Our vision at NBCS is Love Learning. I have said often enough, and only somewhat facetiously, that our vision is two words so that I can remember it. What I mean is this. Our vision needs to be clear enough and memorable enough for all of us to remember it and carry it around, for all of us to know why we are here at school. It also helps us to define our purpose and our product. What do schools produce? It’s an interesting question, given that one way of answering the question is to say, students. But we know that students are people, and their lives are bigger than just school. We know that their development and growth as people is shaped by their families and by their school, as well as by their wider community.
My argument is that our main product at NBCS is learning. And yes, learning takes on many forms, has many guises and happens in a variety of contexts, including within and beyond the classroom, at school and at home, on stage or on the oval, in relationships and interactions.

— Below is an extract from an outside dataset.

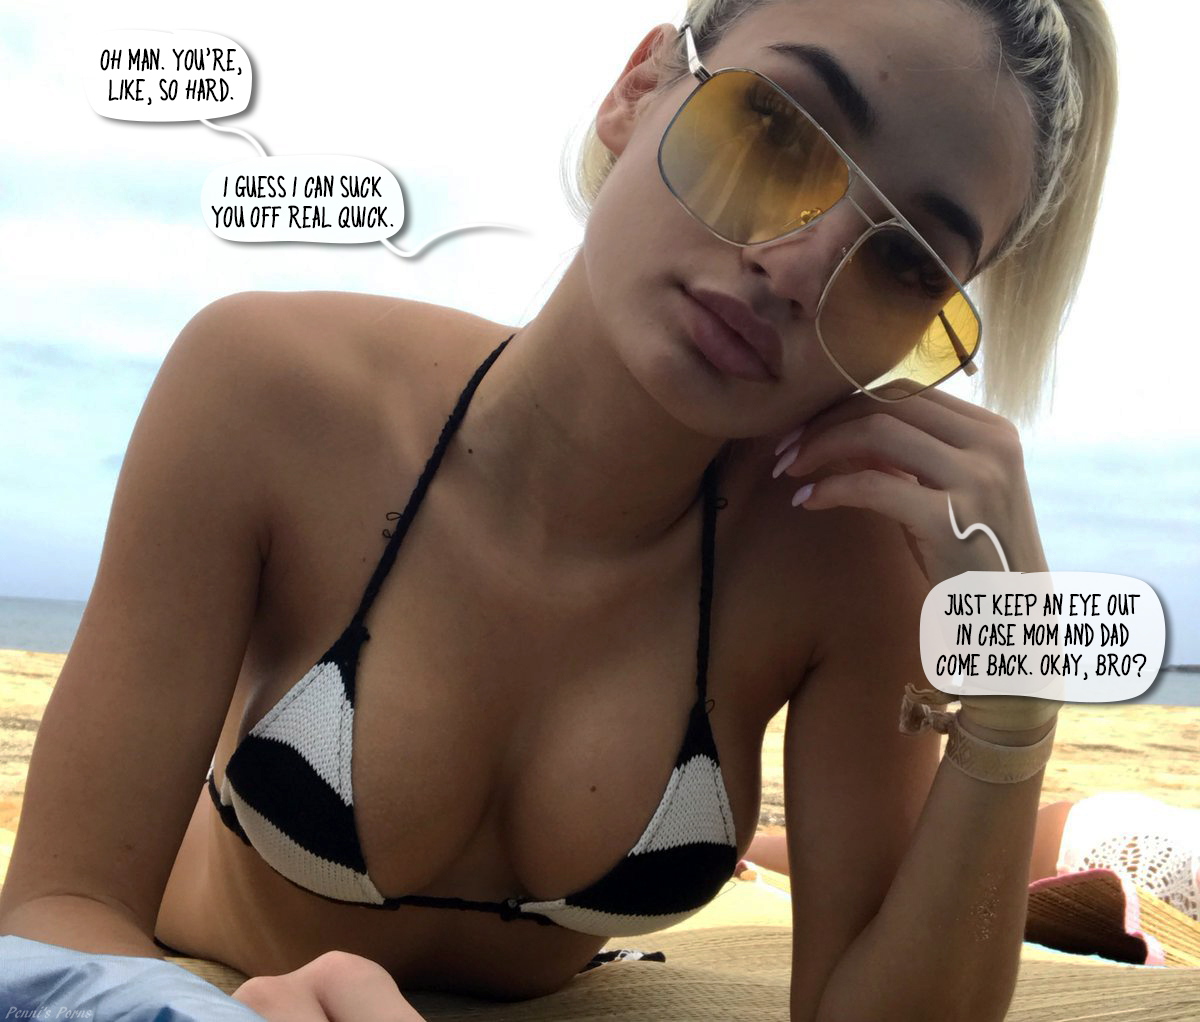 sensual jane is one of the sexiest women on planet earth #sister #brother #sisterbrother  #caption #teen #familycaptions #sisterteasing #beach #bikini #nonnude #nn #sunglasses #smalltits

This then raises the question: what is learning? To which our answer is that learning is the ability to make sense of the unknown, which we do by connecting it to the known. As we grow our body of knowledge, it becomes easier and easier to build schemas or models of understanding with which to make sense of the world and of the new things we come across. And we remember that there are different types of knowledge: declarative knowledge—knowing things, facts, information; procedural knowledge—knowing how to do things, build things, make things, ride a bike, use a lathe, write an essay; and experiential knowledge, which couples the above two forms through our own experiences.
Which is a long way of saying that the main thing we want for our students is to be learners, to love learning, because learning is our main product. There are, of course, lots of by-products. Some of the great by-products from school are wellbeing, Christian understanding, friendships, experiences, opportunities, and yes, even results. But the primary prism by which we view school, and its purpose, is learning. If we get the product right, then we get the happy benefit of having lots of good by-products. But if we focus too heavily on the by-products, we then run the risk of missing the main game, learning, as well as diminishing the very by-products that we were elevating.
When our students leave NBCS, we want them to leave with six things – Values, Effort, Learning, Character, Relationships and Opportunities (VELCRO). We want all of these things for them, and between home and school, they can have these things and carry them into the future. But our first focus, as a school, is learning, in much the same way that I suspect that the first focus of home is character, but both home and school want all of these things for our students. As we all do our bit, students included, they can have the product and its by-products.